2026/7/5
平安・室町時代の農村は、大家族ではなく「防衛組織」だったのか?

平安・室町時代の庶民の家族形態では1つの家族ではどのくらいの子供を持ったのか?1つの集落はどのように運営されていたのか?
キュリオす
平安・室町時代の農村では、乳幼児の死亡率の高さから常に家にいる子供は少なく、家族は血縁よりも労働力分配で繋がっていた。集落は「惣村」として独自の警察・裁判権を持ち、外部からの収奪を防ぐ防衛組織として運営されていた。
密集する瓦屋根の奥にある計算
滋賀県の湖東地域や、京都の郊外に残る古い集落を歩くと、家々が驚くほど密集していることに気づく。迷路のような細い路地、家の軒先をかすめるように流れる水路。こうした風景を眺めていると、私たちはつい「古き良き日本の大家族」が、手を取り合って穏やかに暮らしていた姿を想像してしまう。しかし、その静謐な佇まいの裏側にあった実態を掘り起こしていくと、そこには現代の私たちが抱く「家族」や「村」のイメージを根底から覆すような、冷徹なまでの生存戦略が横たわっている。

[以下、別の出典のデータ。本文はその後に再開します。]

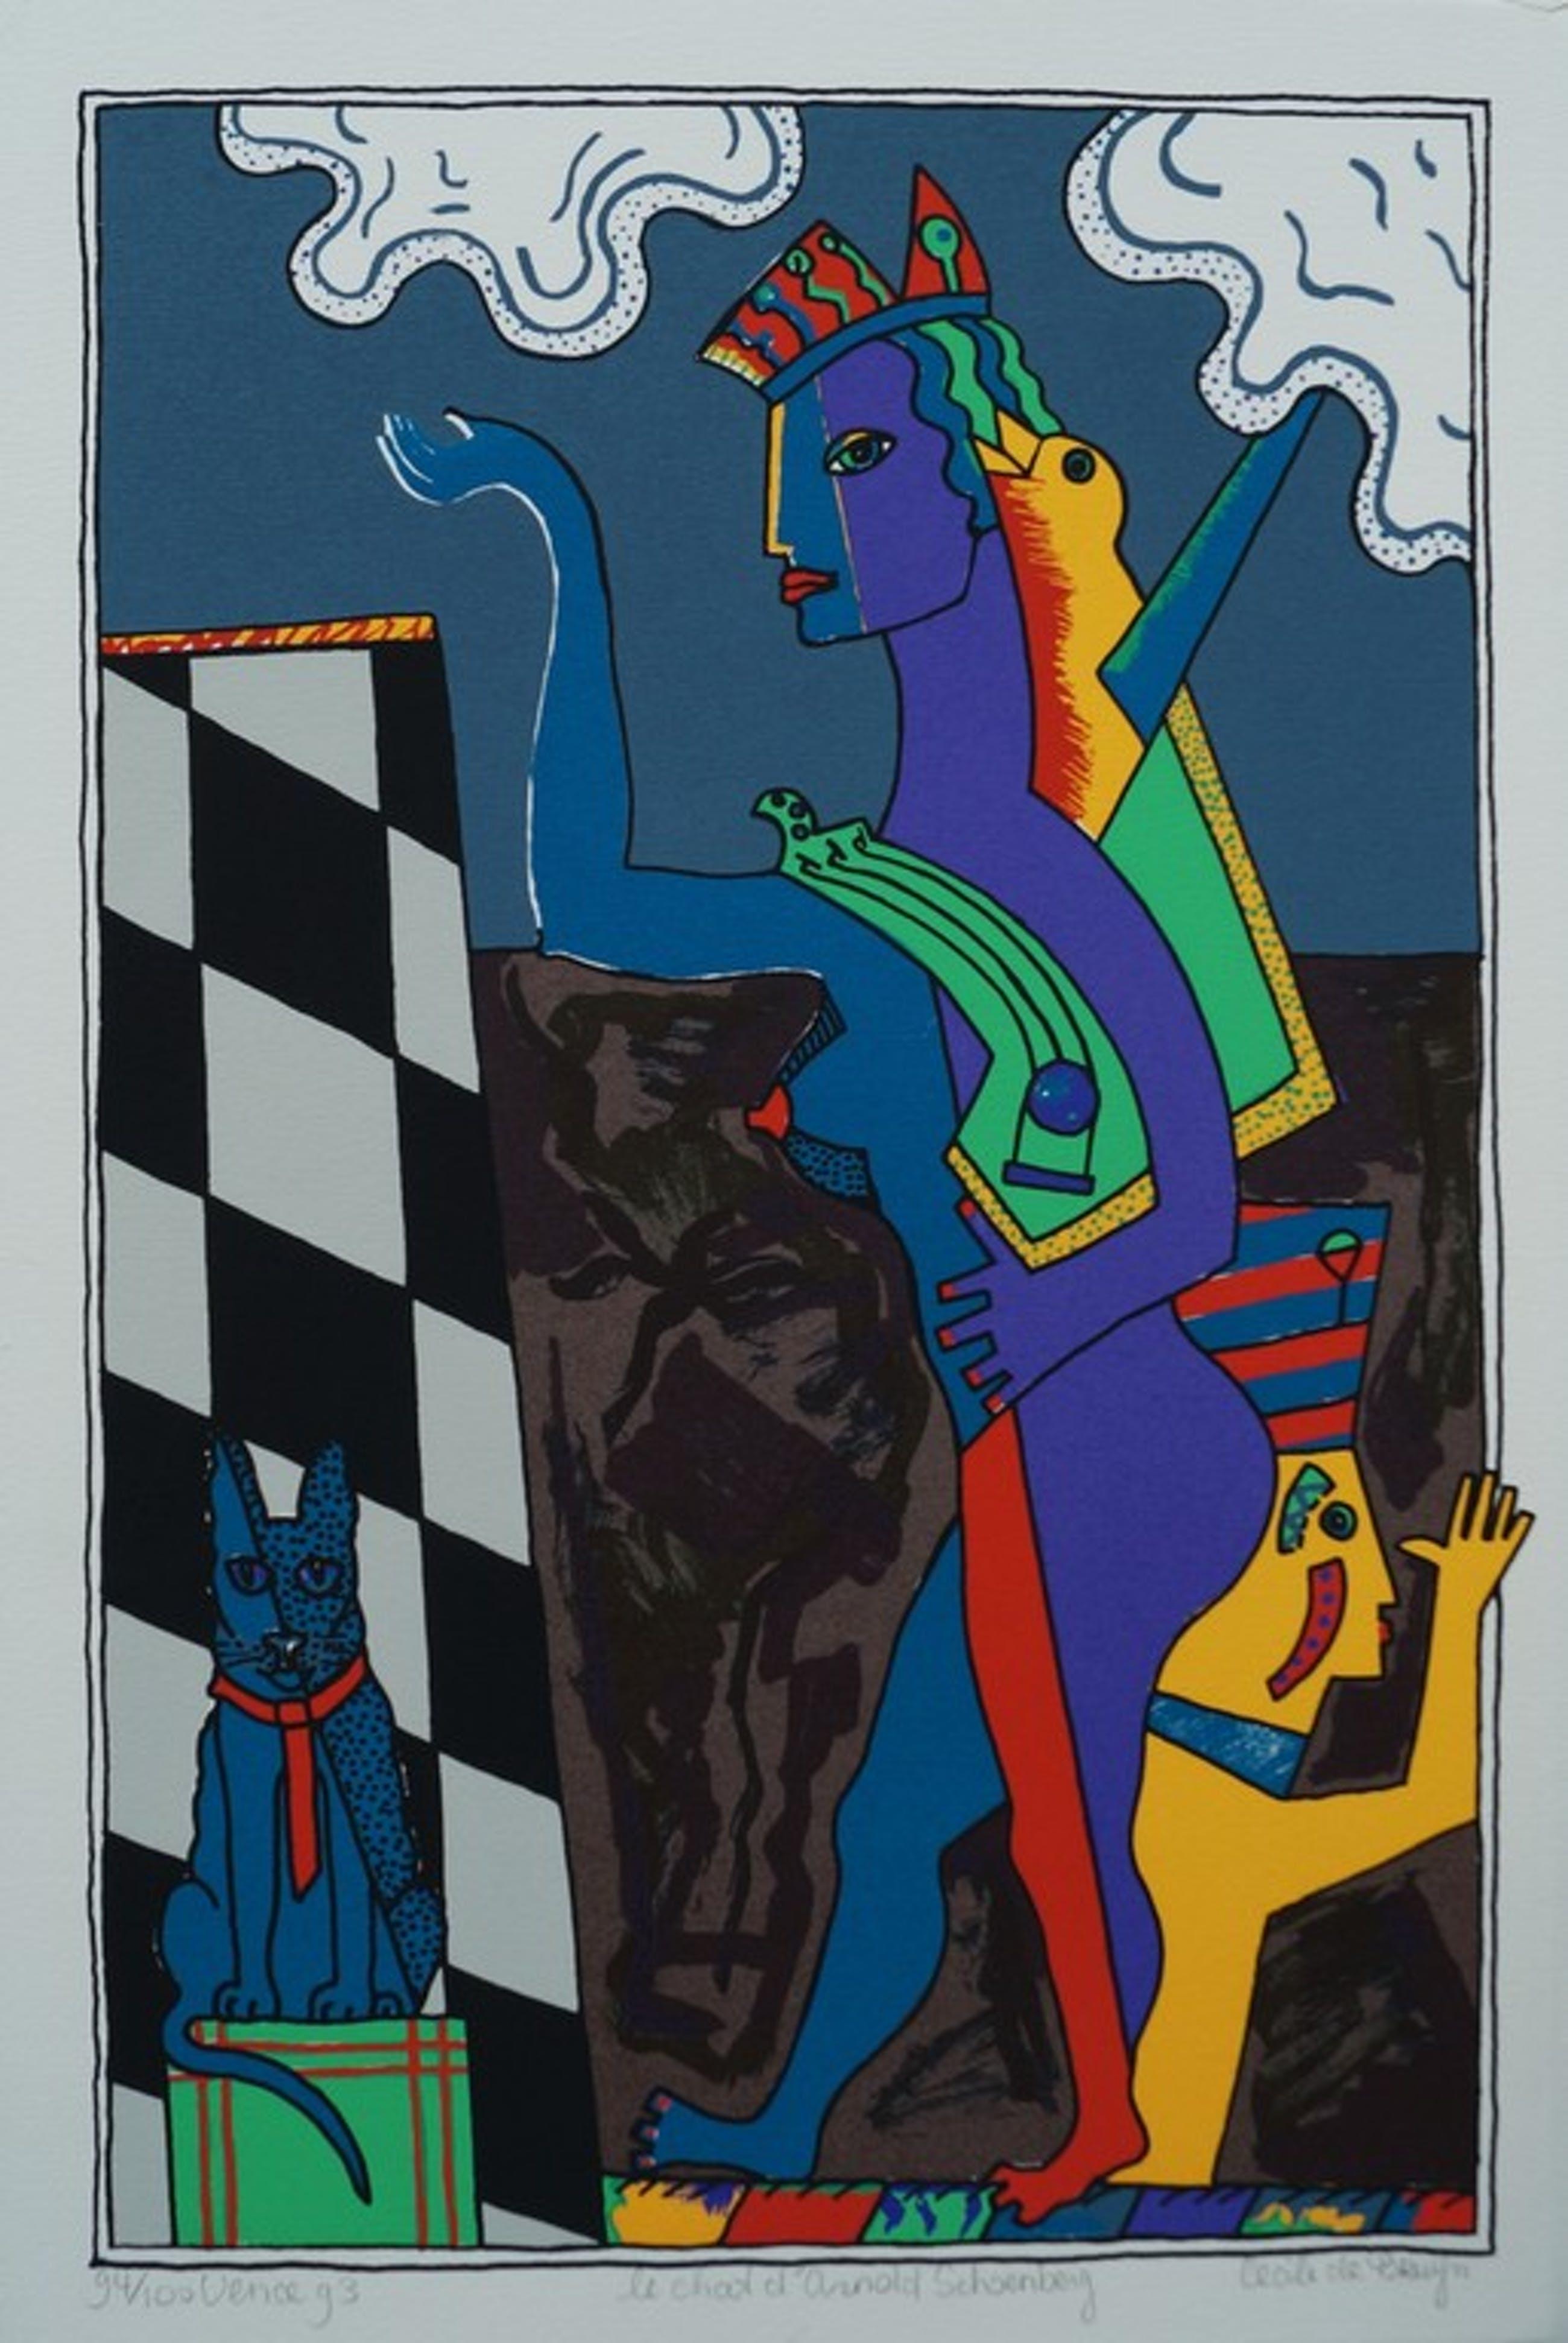 Cecile de Bruijn - Le chat 'd Arnold Schoenberg - 1993 kopen? Bied vanaf 20!

例えば、平安時代から室町時代にかけて、一つの屋根の下に何人の家族がいたのか。あるいは、子供たちはどれほど生き残ることができたのか。古民家に残る広い土間や囲炉裏は、いかにも大勢の家族が談笑していた舞台のように見えるが、実際の数字はその情緒を裏切る。当時の農村を分析していくと、家族のサイズや集落の運営ルールは、温かな絆によって維持されていたのではなく、過酷な死亡率と、外部の権力から身を守るための「防衛ライン」として設計されていたことが見えてくる。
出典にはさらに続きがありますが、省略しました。